In some cases it seems you are charged nothing !!!


----------



## TerryL (Feb 19, 2009)

We were there a couple of weeks ago and stayed 23 hours!

However, to answer the OP's question, it will cost you 30 euros to get in, whatever time of day, and that covers you for 24 hours - no matter how long you stay....

But you won't get in at 2000hrs.

Terry


----------



## ChrisK5 (Nov 16, 2009)

We fancy staying at Disney for a couple of days.
The question i have is, is there some where to fill your fresh water tank and to empty your waste water tank ?


----------



## TerryL (Feb 19, 2009)

Yep. Your 30 euros gives you the right to use the coach refill/emptying points.

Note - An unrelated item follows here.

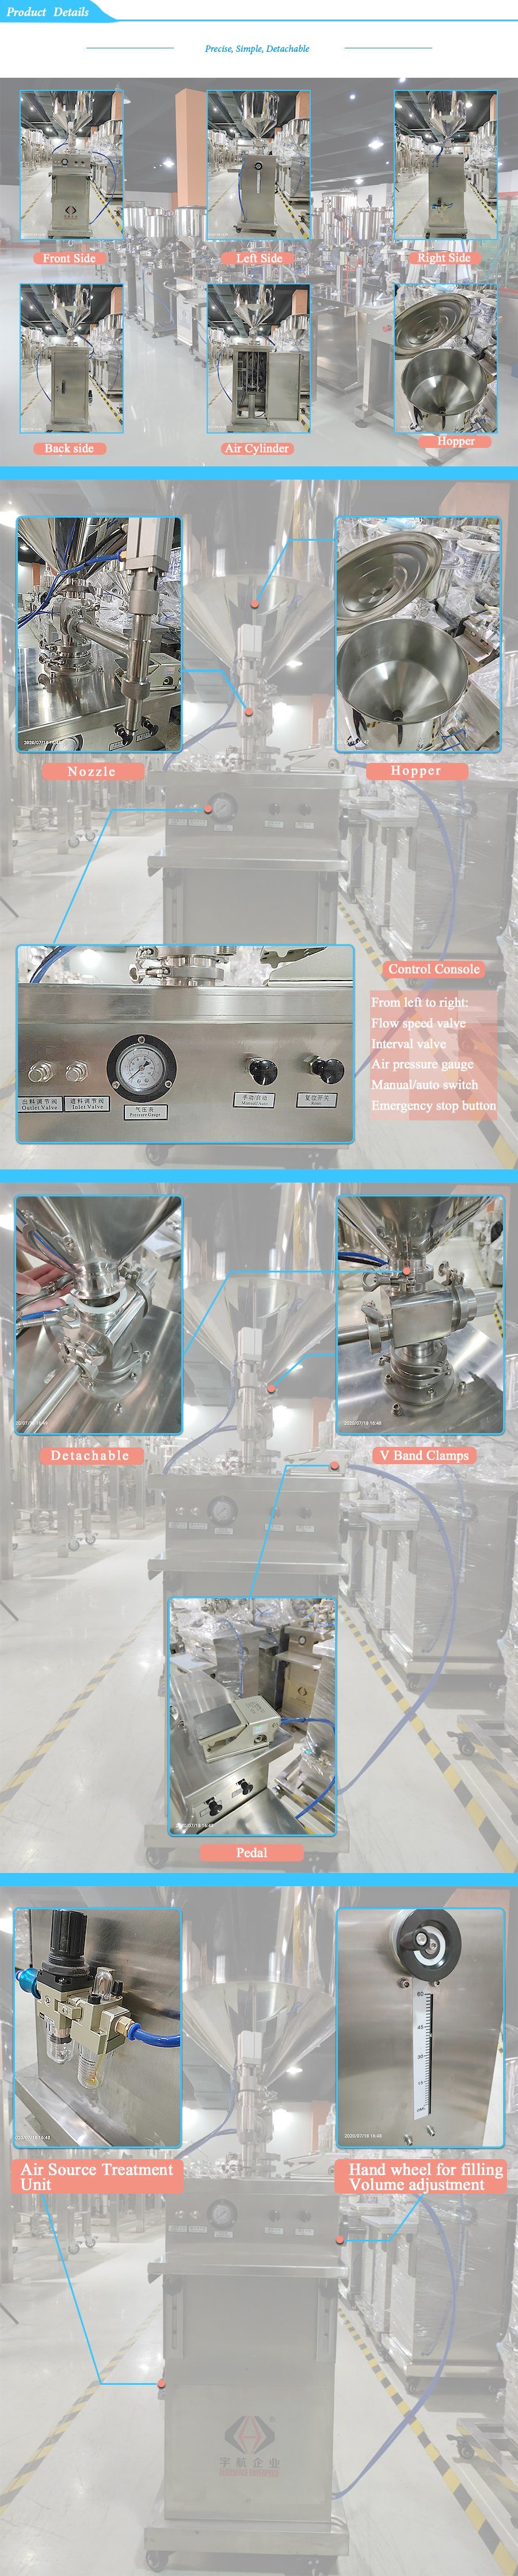 Semi Automatic Vertical Filling Machine Liquid Manual Hand Filling Machine Cosmetic Machinery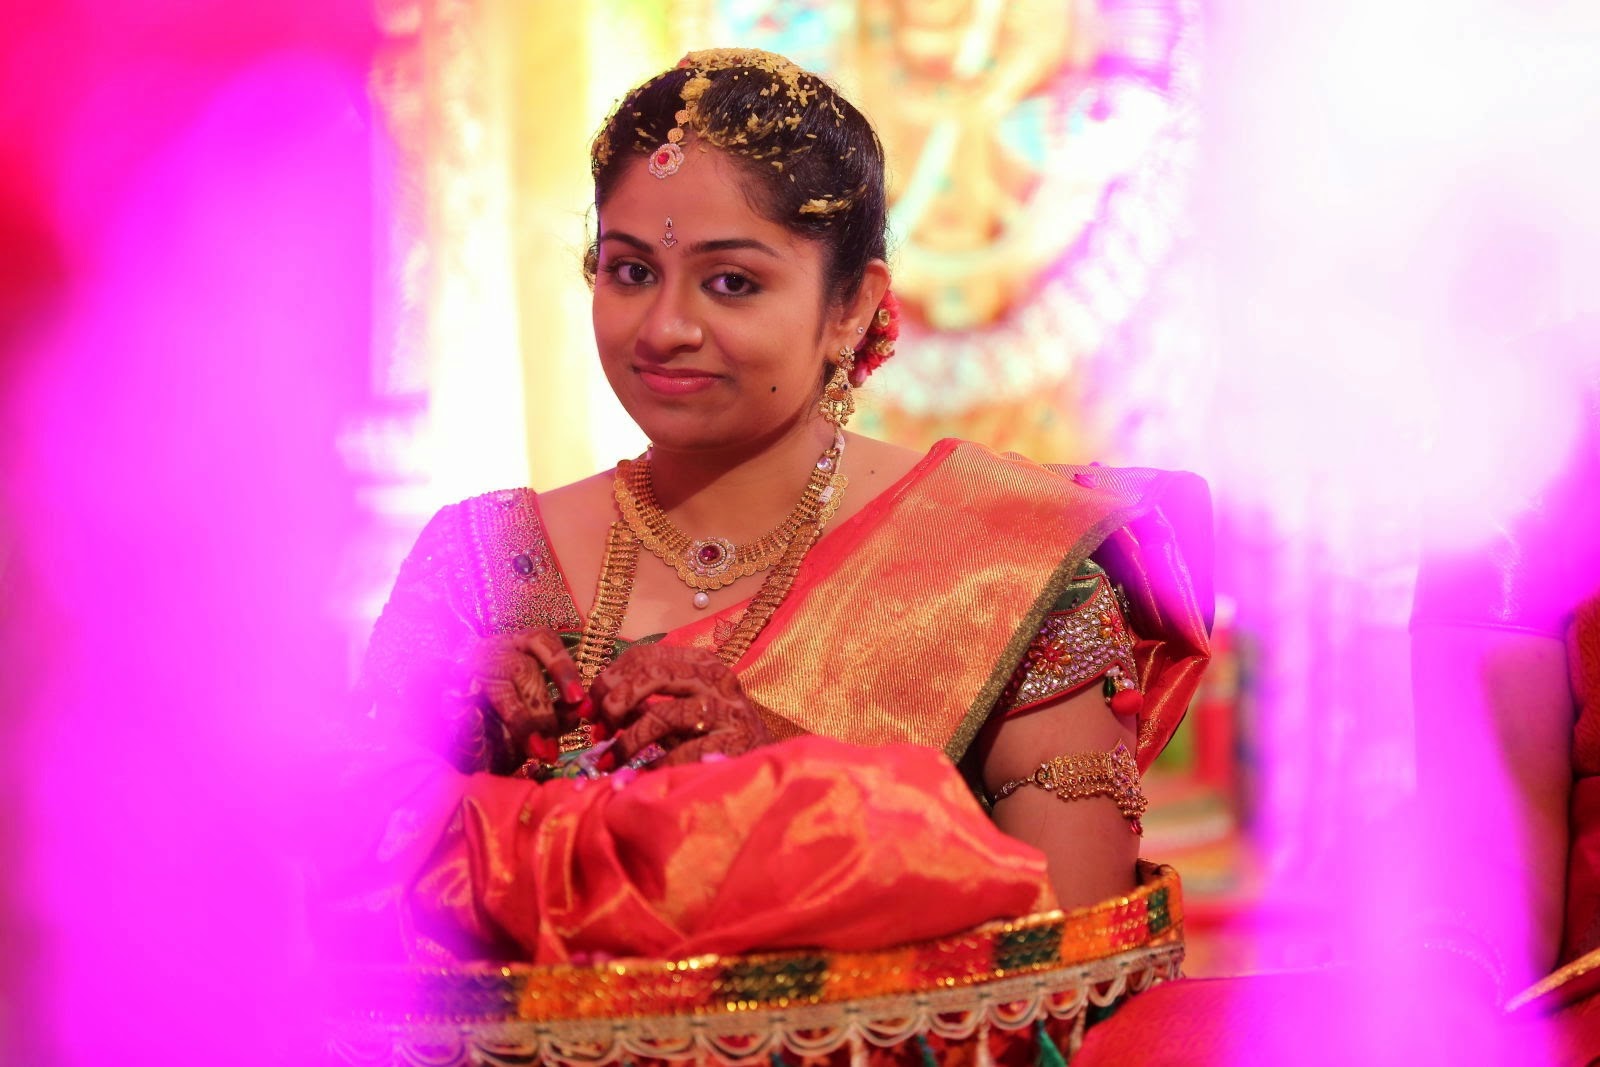 héroe fondos de escritorio heroína galería de fotos,sari,rosado,ceremonia,tradicion,evento

But a plea from a coach driver - try not to do it when they are busy, and don't "hog" the taps!

Terryt


----------



## mikkistash (Mar 27, 2010)

We were told by the guys in the office next to the toilet / shower block to dump the waste in the coach drivers drive over cattle grid. There are taps there also but we didn't need to fill up so never used them, however I did notice they didn't have a fitting on the end that matched what we had so a lot of people were using water carriers etc. Hope that helps in some way.


----------



## ChrisK5 (Nov 16, 2009)

Sounds good to me i think a trip to Disney is on the cards, i might even take the kids if there good.


----------



## ttcharlie (Nov 29, 2011)

ChrisK5 said:


> Sounds good to me i think a trip to Disney is on the cards, i might even take the kids if there good.


I'd leave them at home, they will only try and stand in front of you in the ques... :lol:


----------



## dealgan (Jun 26, 2006)

We stayed there a couple of weeks ago too.

There is water available within the parking, from a push-button tap, but I had no way to attach a hose to it. We were advised by some others that grey waste shoudl be dumped in the driver-over grids in the coach park, but we didnt need to empty, so didnt bother driving around.

I was disappointed there was nowhere to empty the chemical loo.

Being lazy, I drove to the tap and put 2x20L containers of water in.

When we parked up the parking was quite busy, but I'd say at least 50% of them were gone by morning. 
There was some sort of event on in the park that evening, and it was quite noisy, right up to midnight or even later, with lots of noisy people leaving, children squealing and crying, and someone who ran either their engine, or a very noisy generator for about 3 hours ! 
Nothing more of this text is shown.